Notes on a Coronation

02 May 2023 4 minute read
Photo National Assembly For Wales / Cynulliad Cymru is licensed under CC

David Llewellyn

I don’t recall the exact year, but I think it may have been around the time that Big Pit, the mine where my grandfather Gordon Gait worked the washeries, was opened to the public as a mining museum.

Whatever the date, the talk in Pontnewynydd, on the main road from Blaenafon to Newport and the M4 was that Charles, Prince of Wales would be driving through our little village, on his way back from some engagement further up the valley.

They started selling little plastic Welsh flags in local shops, and our mums made sure we had one to wave at his Royal Highness as he drove past.

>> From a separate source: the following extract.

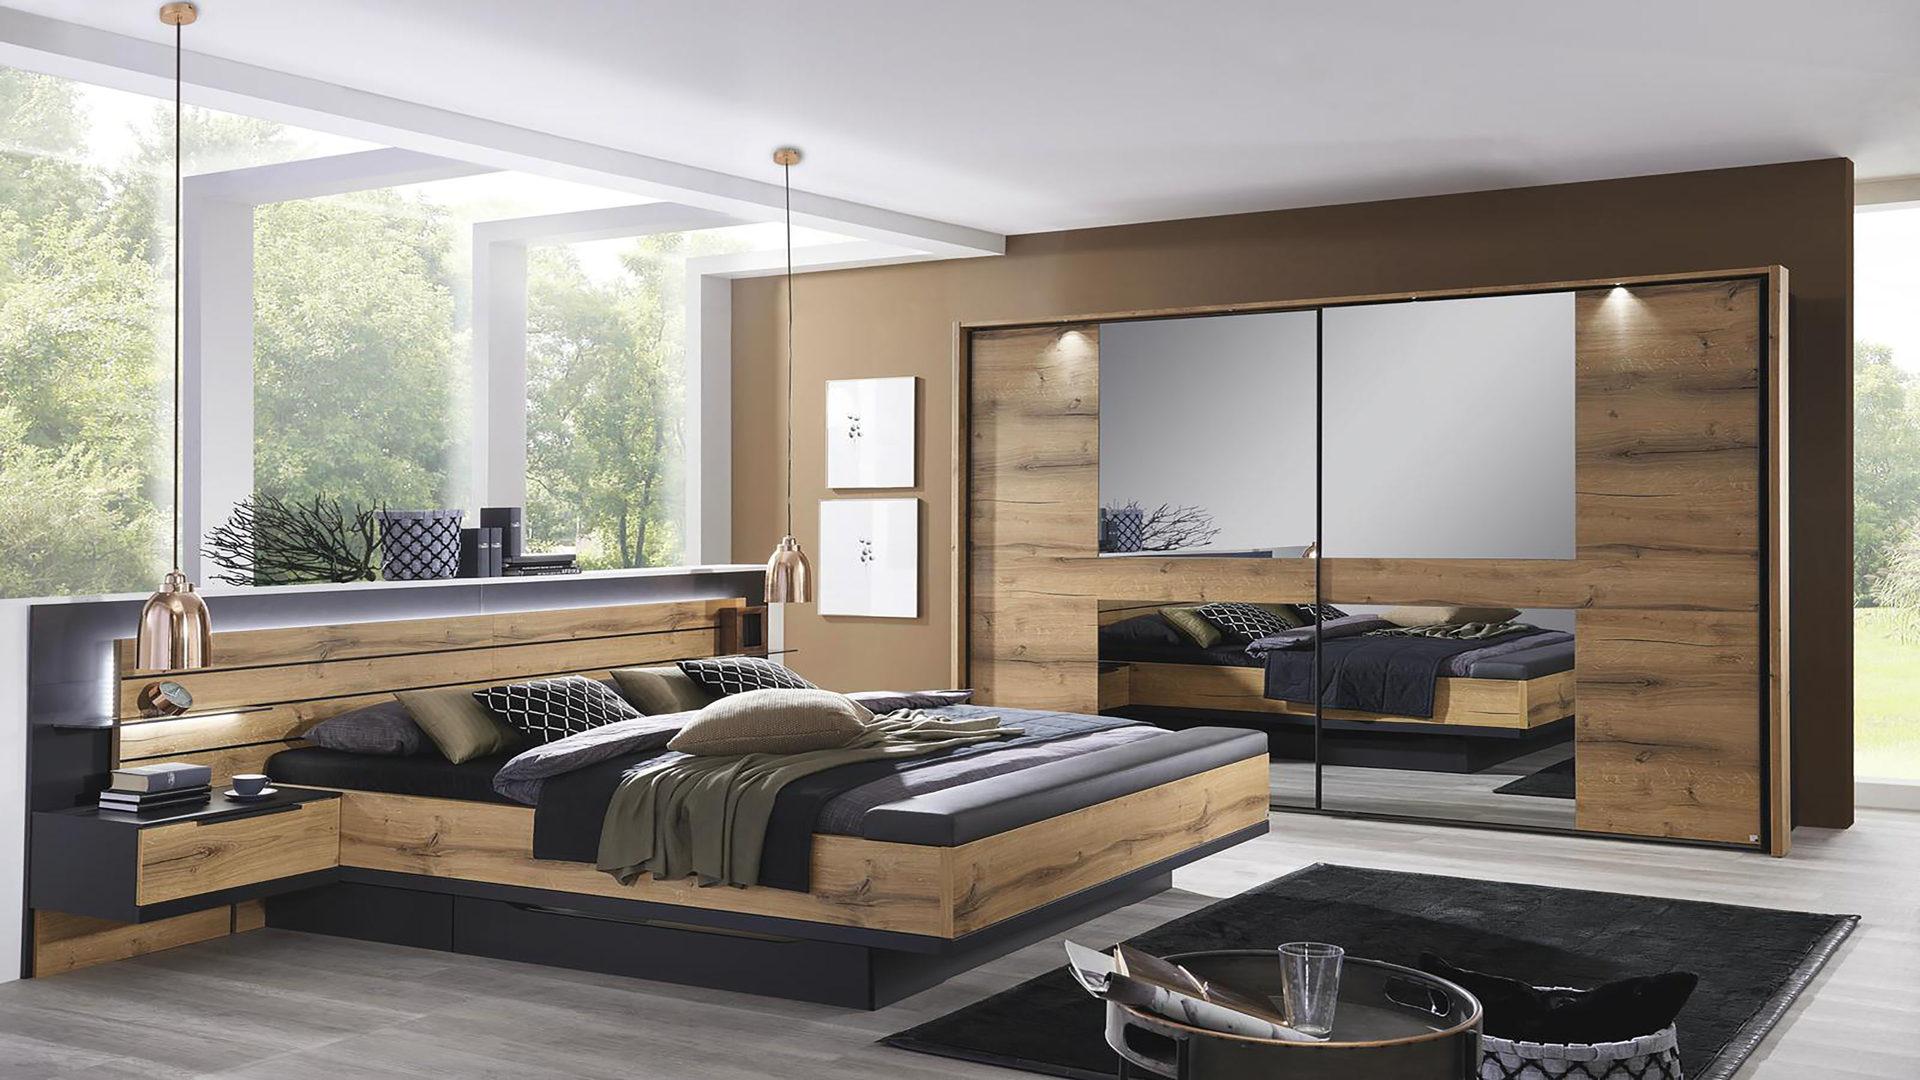 Möbel Böck, Räume, Schlafzimmer, Komplettzimmer ...

Groveside Villas looks directly down onto the road, so when the day came we were ready and waiting. Perhaps he would stop, get out of his limousine and give us all a wave to show his appreciation to the adoring crowds.

When the time came the road was more or less cut off to regular traffic, as it might be for the Pontypool Marathon, and the motorcade zipped past at 40 mph, our plastic flags rustling in the aftermath.

The next time I came close to being in the presence of Charles, Prince of Wales, was when he attended an event at St David’s Hall, and I had to walk around his car to get across the Hayes.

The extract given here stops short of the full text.